◆ **DATA EXCERPT**:
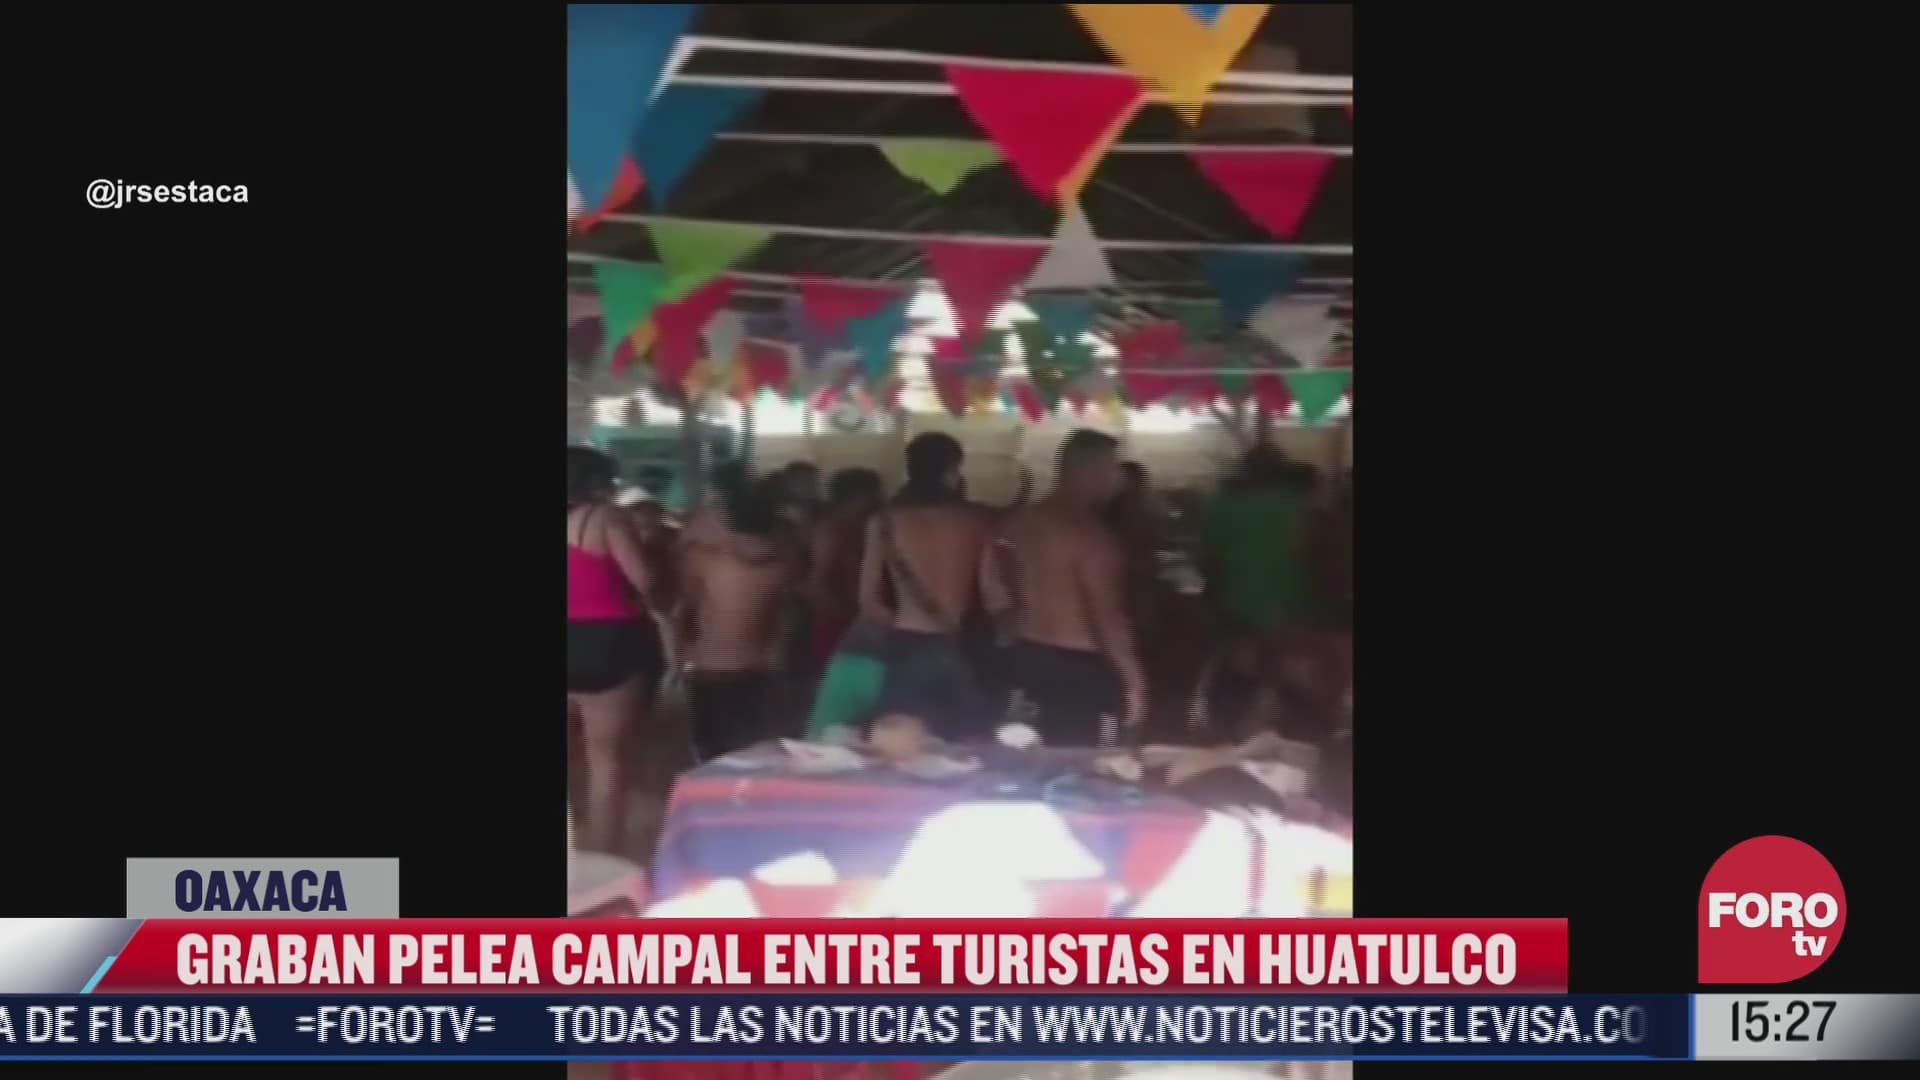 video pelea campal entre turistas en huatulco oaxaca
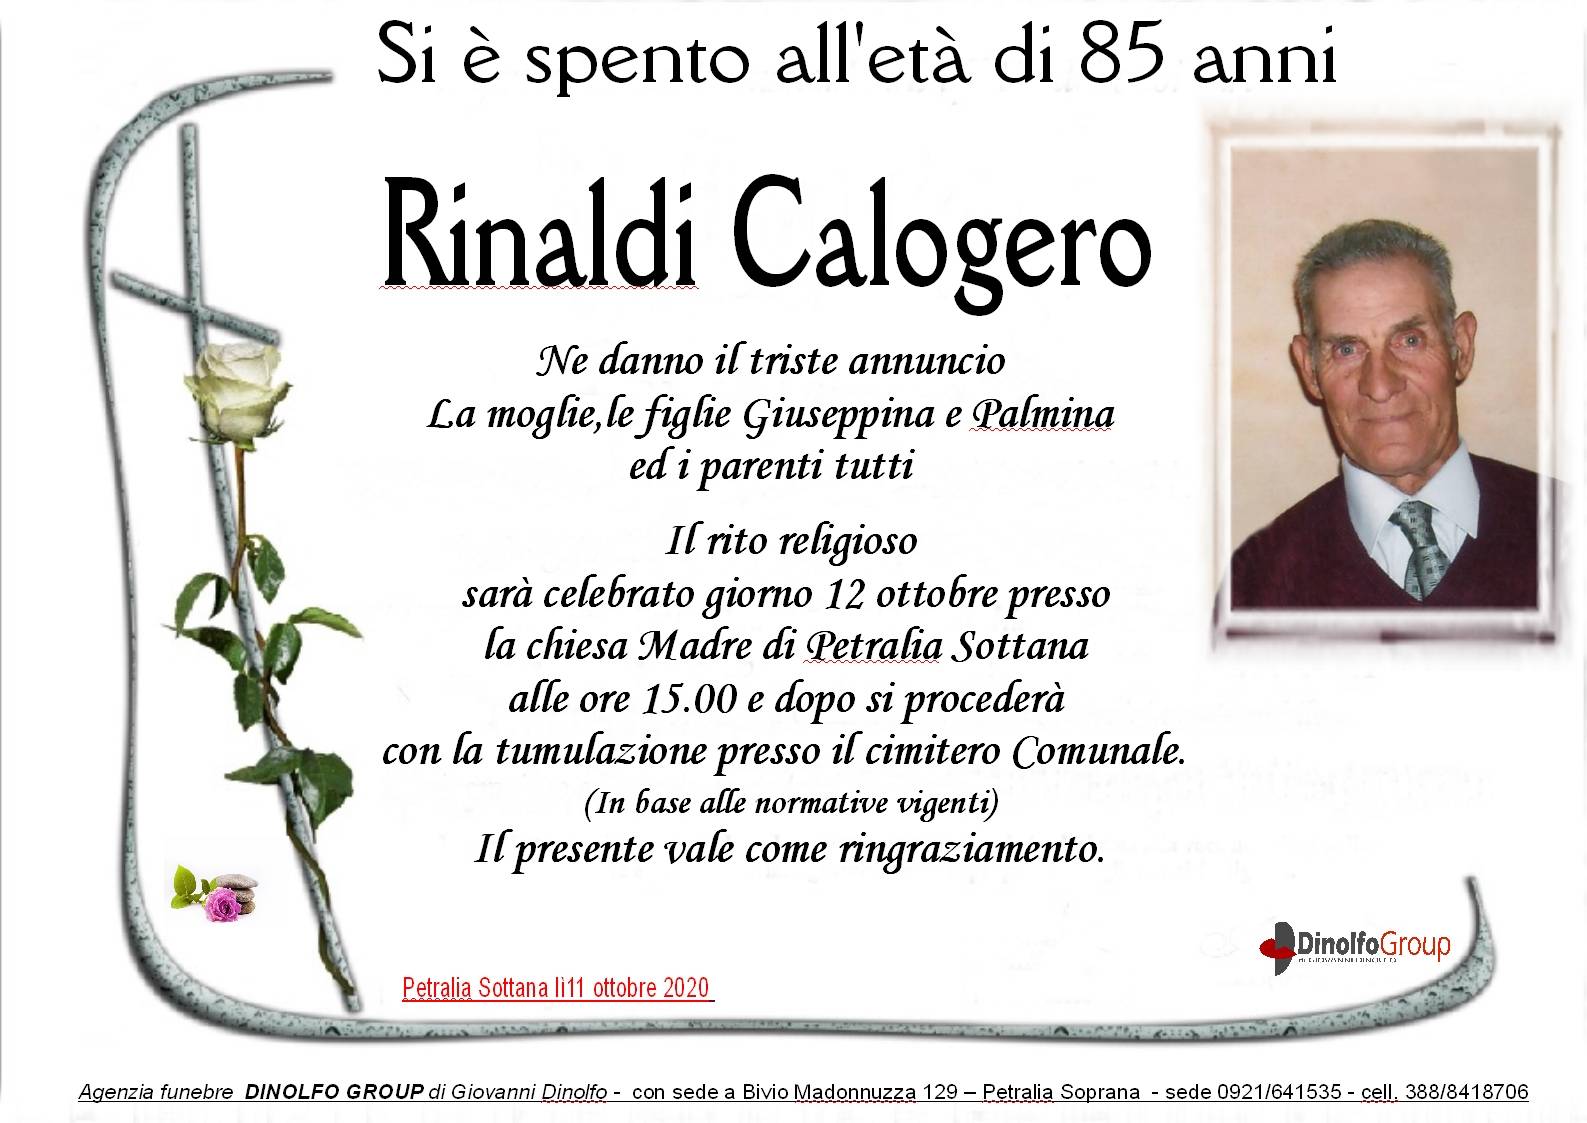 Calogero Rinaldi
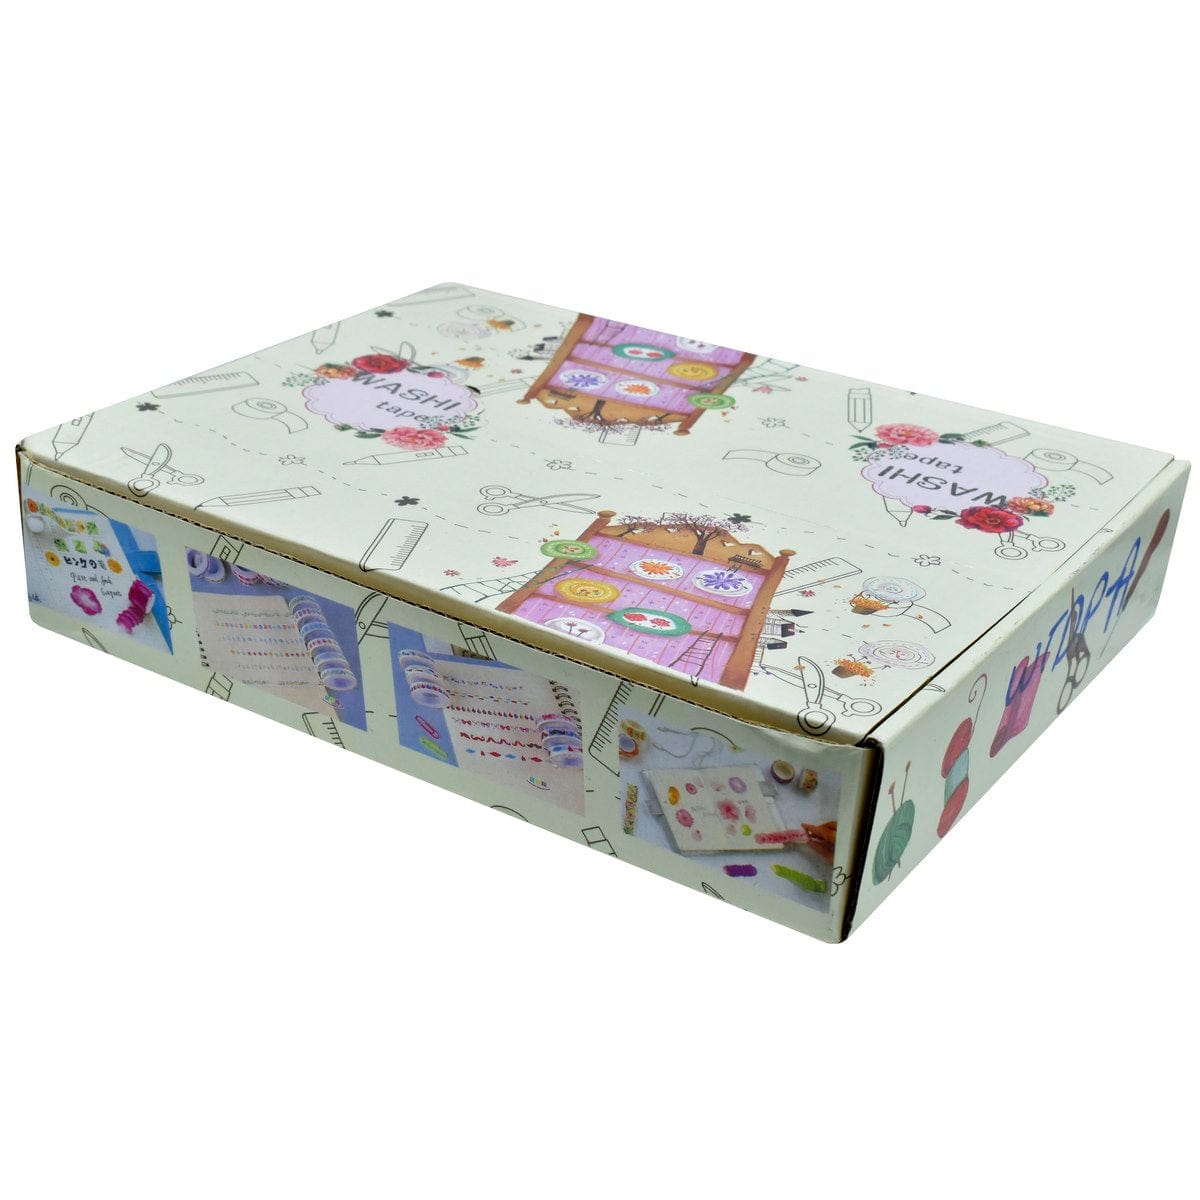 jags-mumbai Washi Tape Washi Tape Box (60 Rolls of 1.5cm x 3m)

◆ **WHAT IS EXPECTED**:
Please set down the lines above word for word and leave out the pictures.

◆ **ANSWER TO THIS EXERCISE**:
 video pelea campal entre turistas en huatulco oaxaca
 Calogero Rinaldi
 jags-mumbai Washi Tape Washi Tape Box (60 Rolls of 1.5cm x 3m)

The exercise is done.